The reason why the affair is so "complicated" for Euro statesmen is not the conflict between universal human-rights morality and nationalistic material calculations, as public opinion will have us think. The criterion of human rights used by state powers is not just a moral principle to glorify their own deeds. It represents the very down-to-earth claim of the world-order controllers that every corner of the globe be governed according to their plans, a claim presented in the form of a right. When Aznar and Blair stress that Spanish or British lawcourts do basically have jurisdiction over the crimes in Chile, they make it clear that European states are perfectly entitled to judge the "internal affairs" of other sovereign states, i.e. how these states make use of their force, and If need be to have this judgment executed by their lawcourts.

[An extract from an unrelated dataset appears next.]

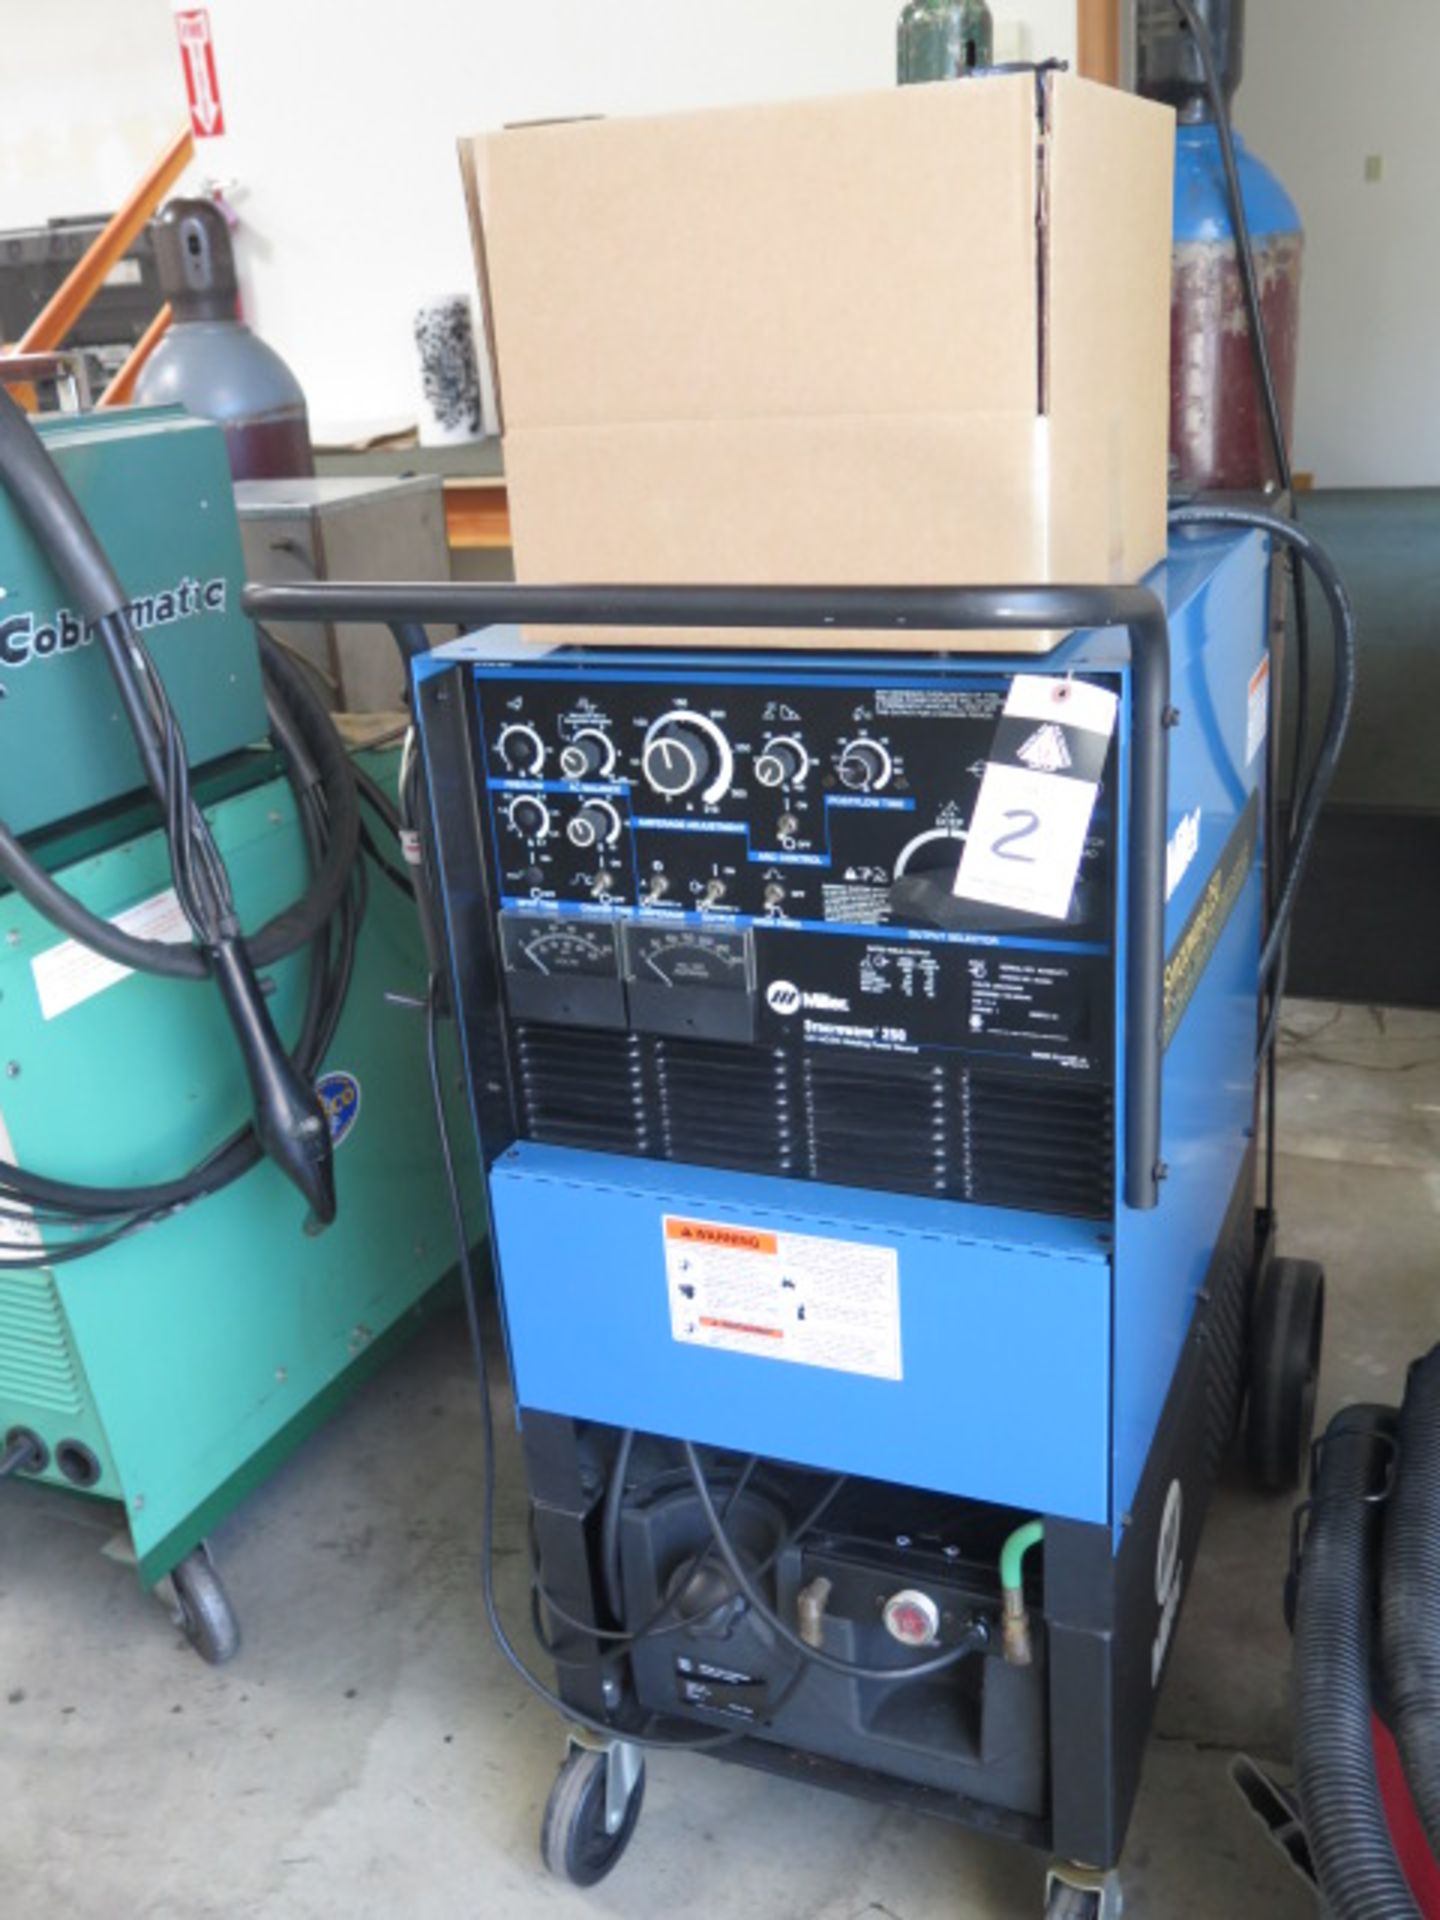 Miller Syncrowave 250 CC-AC/DC Arc Welding Power Source s/n KH483472 w/ Cooler Cart, Tanks and

The Europeans don't want to leave this right to the U.S. which, as the "only superpower left," has long since acted as supreme prosecutor, judge and executor. They pointedly ignore America's warning to leave the loyal partner in its backyard alone. So, although the case at hand is very unsuitable for setting an example, Euro politicians "cannot" deny their general and indeed very political will to self-assertion. At the same time they therefore "have to" vow that good relations with Chile should not and must not suffer because of an initiative by their judiciary, independent as it is. But because those relations do suffer considerably, the European governments see a need to make it clear that the human-rights weapon is there to serve a political purpose. Law and politics have to be in proper relation to each other. At the same time, this mustn't jeopardize the credibility of that weapon (which they call "ethical foreign policy"), either in foreign affairs or vis-à-vis their own citizens.

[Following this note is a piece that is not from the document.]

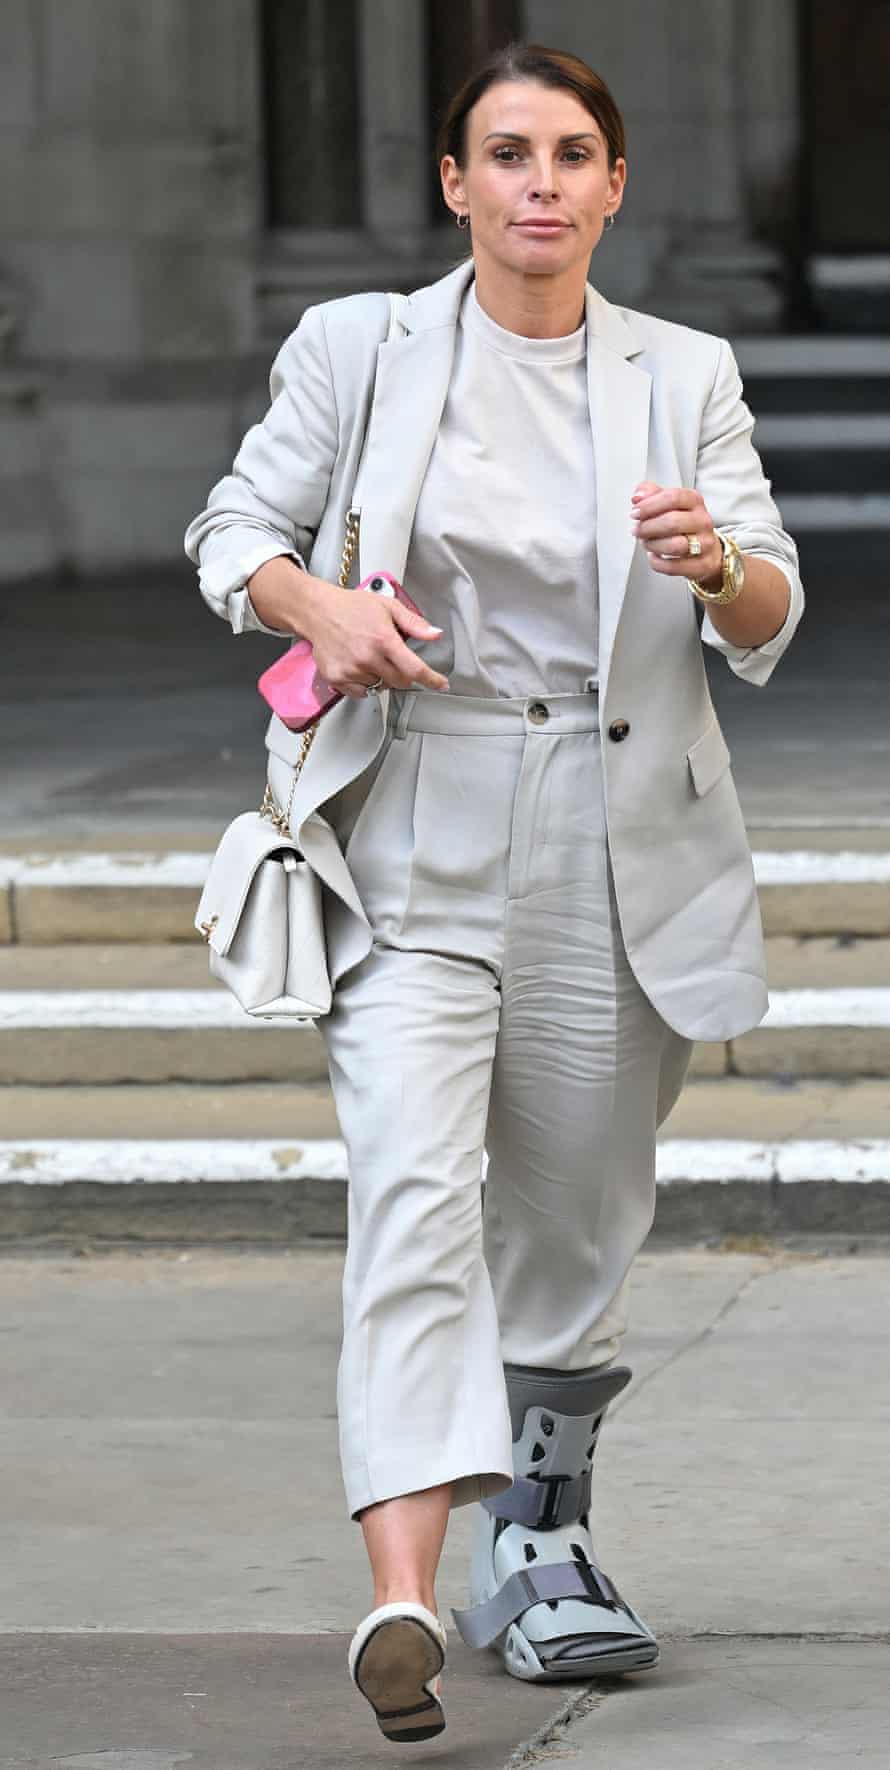 Coleen Rooney departs the Royal Courts of Justice, Strand on May 13, 2022 in London, England

This is the material the political decision-makers have to consider. The area in which they weigh the pros and cons of prosecuting Pinochet to lead to the desired result is — appropriately enough — the law and its interpretation. This creates jobs at least. All sorts of chambers, institutions, and hundreds of experts are turning over questions such as how to define "immunity" and "genocide," whether, and when, torture, barracking in football stadiums and "making persons disappear" are allowed by international law, etc., as if they were at law school. One guaranteed result of this will be qualified expertises offering legal titles to meet any need when it comes to justifying the decision finally made on the basis of a national political calculation. No matter whether the House of Lords settles on pointedly asserting Britain's right to supremacy even in an unwanted case, or, conversely, stresses the unsuitability of the human-rights weapon in this case, thereby underlining its general validity — human rights are nothing but an instrument of imperialist politics.

P.S. For the time being, the Lord Judges have voted against Pinochet's immunity, thereby giving the "credibility" of democratic foreign policy a slim victory (3:2). Now it is up to the British Home Secretary to put this decision in proportion with "political good sense." After all the legal to-and-fro, the government will in any case have the final say.